18 April 2007

Government's Drugs Policy Fails

As the government's ten-year drugs strategy draws to an end, the independent UK Drug Policy Commission reports that education schemes have had little impact and any benefits from treatment of addicts have been, at best, limited because so many drug users had relapsed or gone untreated.

Just last month the Royal Society of Arts claimed that UK drug law had been "driven by moral panic" and was "not fit for purpose."  Coming at a time when heroin from Afghanistan is increasingly available at ever lower prices, a radical rethink is clearly necessary.  Given that no other country in Europe faces the same level of problem as we do in this area (our addiction rates are double those found in France, Germany, the Netherlands, and Sweden), surely we can learn from and adopt the best practice of others?  After all, we are clearly not alone in the struggle against drugs and you would have thought that living on an island would have certain advantages as regards the supply side of the problem, if we had proper border controls.

Does anyone have knowledge or experience of what works or helps elsewhere that you could share with us?

2 comments:

Anonymous said...

I agree with Martin Samuel in yesterday's Times.
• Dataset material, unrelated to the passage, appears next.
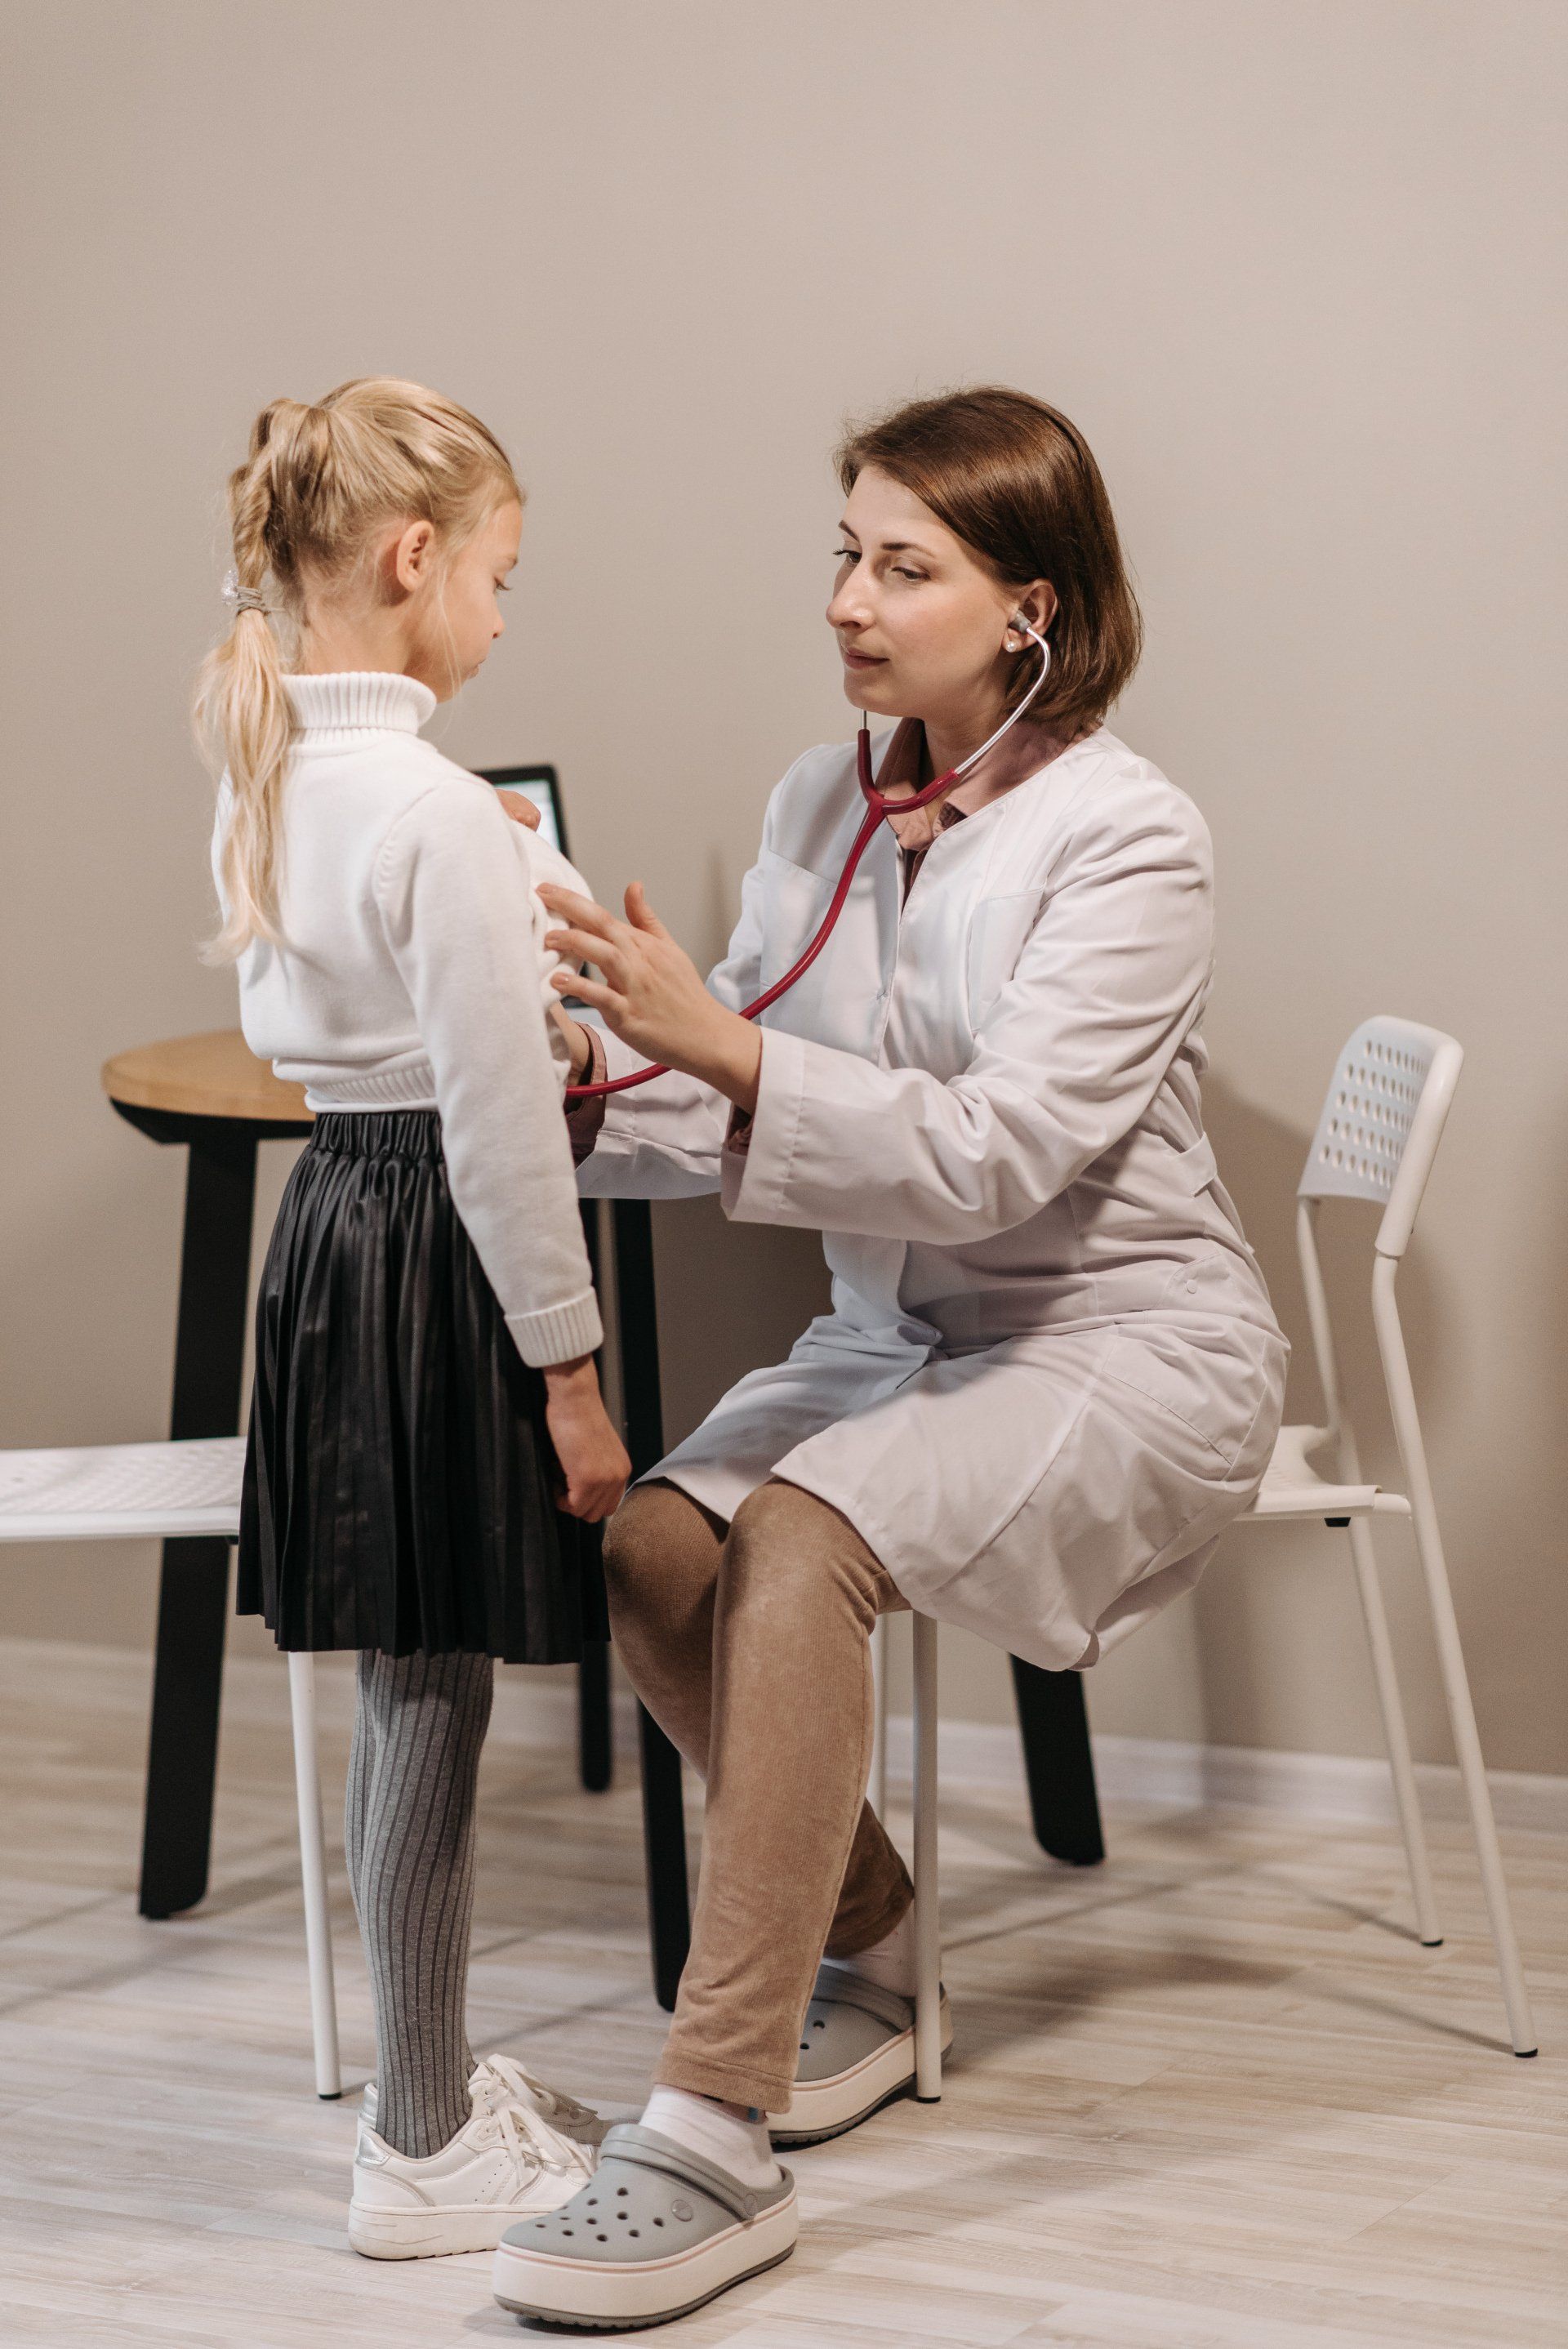 Un medico usa uno stetoscopio per ascoltare il battito cardiaco di una bambina.

We do not have a drug problem: "We have a poverty problem; an education problem; an intelligence problem; a homelessness problem; a refugee community problem; an opportunity problem. We have a lousy life problem. This is then exacerbated by drug use. Drugs as an escape; drugs as an alternative." Drugs are a symptom, not the problem itself. Treating the symptom never helped anyone to get well.

Anonymous said...

Most under-18s with a drugs problem use alcohol, cannabis, cocaine, or ecstasy, NOT heroin - more than 90% drink alcohol, around 50% have used cannabis, 10% ecstasy and 7% cocaine, but less than 1% have tried heroin or other opiates. So the Government's emphasis on treating heroin users completely misses the mark. We need to develop an approach that tackles all substances, not just the one. I also believe the introduction of an index of harms would help.